Volunteering may be a way to train oneself effectively to help others, by using social pleasure and cohesiveness. Some people are just not motivated enough by sending a check and imagining the rest; you can tell them to “separate utilons and hedons” all you want, but if the actual result is that they’ll stop donating, it may be better to volunteer.
Visible volunteering work is much more effective at drawing others to charitable causes than hired workforce performing the same work.
Finally, your particular arguments are sometimes poor, as is typical for arguments chosen for a precommitted bottom line. For example:
An unconvincing zero-sum assumption (who said we’re anywhere near close the “certain point”?). Also, hello, by urging people to consider e.g. GiveWell’s recommendations, this is exactly what you’re doing!
If it’s not net helpful to the nonprofit, they will not accept the volunteers.
Thanks for the thoughtful comment. As with all articles that I’ve posted from Cognito Mentoring, part of my purpose in posting is to solicit feedback, both on the content and on the presentation.
The article was written with an assumption that the reader would have been exposed to the basic arguments in favor of volunteering ahead of time, which accounts for the imbalance.

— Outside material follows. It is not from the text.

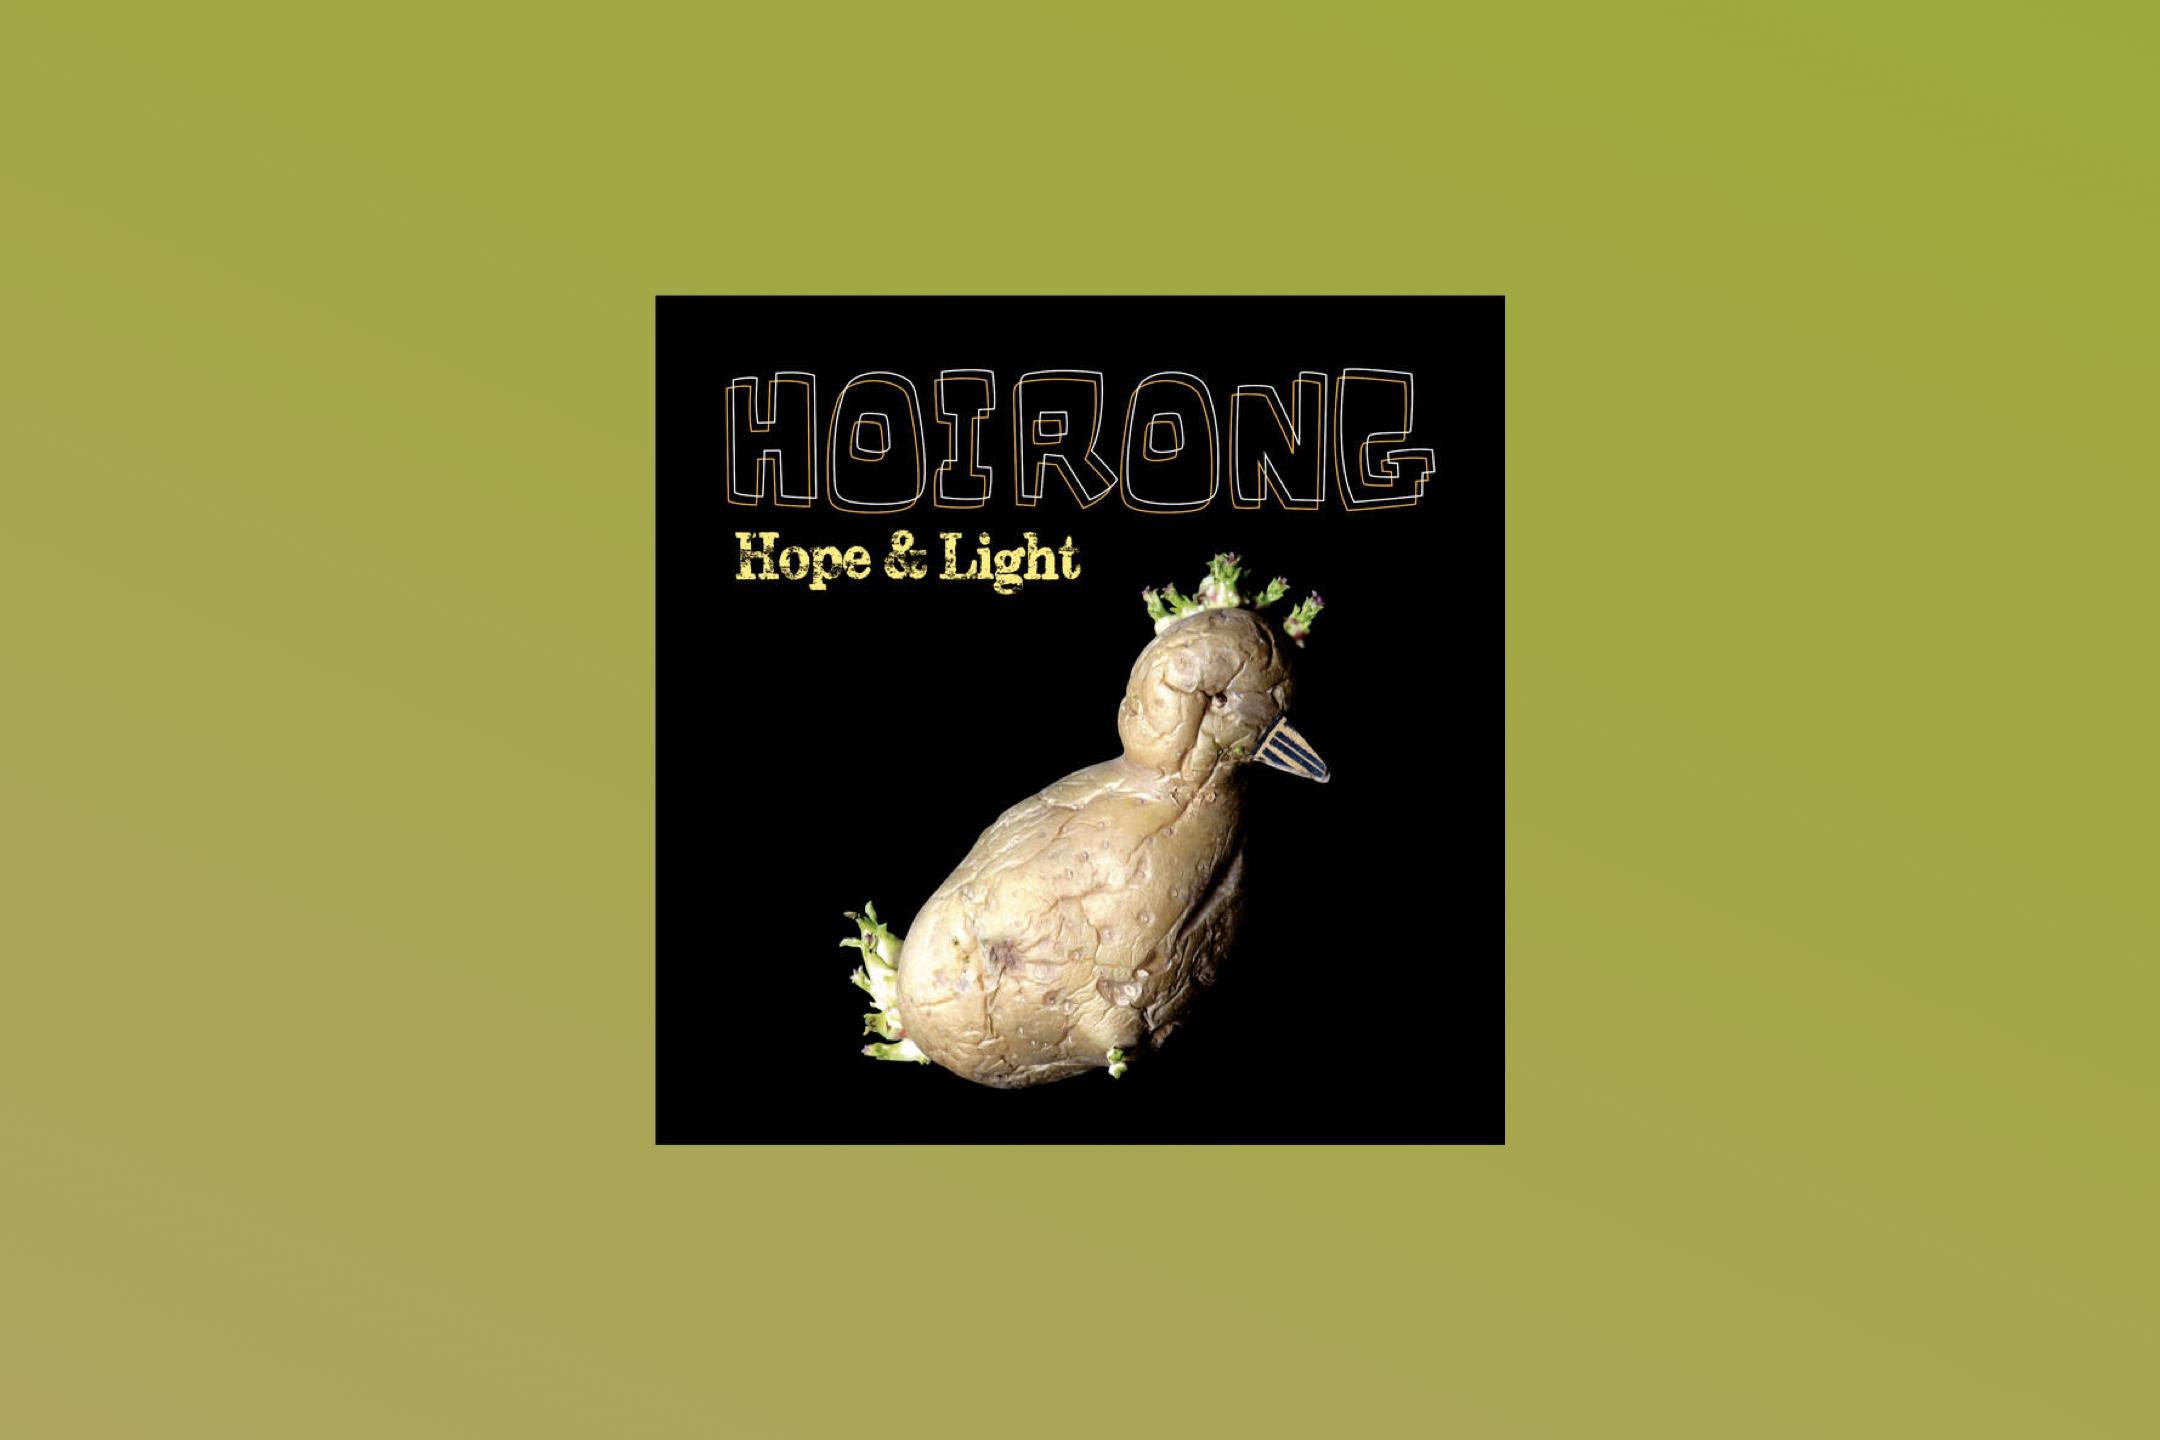 Hoirong Hope & Light

Thanks, this is good information, I’ll think about rewriting it along the lines that you suggest.
To be clear, I don’t necessarily think that donating is more valuable than volunteering in a given instance, or maybe even generically. I expect volunteering to be more valuable than donating for many of our readers. Note that in the “what to do?” section I don’t suggest that the reader donate. I’ll try to make the article more clear.
Your points are strong, and I’ll add them.
Charitable giving in the US has allegedly been fixed at 2% for the past 40 years despite an increase in fundraising. It could be that the rate would decrease if marginal fundraisers stopped fundraising, but there’s a genuine possibility that people’s willingness to give has been saturated in general.
There’s no contradiction here; if philanthropic opportunity A is better than philanthropic opportunity B, then convincing people to take opportunity A rather than B is net positive, even though there’s a negative effect.
It’s helpful to the nonprofit on net, but the value that the volunteers add is less than the value of their labor – it can be arbitrarily close to zero as long as it’s positive.
Then you should definitely mention that, so the reader knows to expect the one-sidedness upfront.
Yes, but you advising people to donate to a nonprofit and someone “fundraising for a nonprofit” is essentially the same activity. You do it because it can be net positive, but then you criticize someone else doing it because “it can hurt other nonprofits”, without mentioning the net positive thing in that case.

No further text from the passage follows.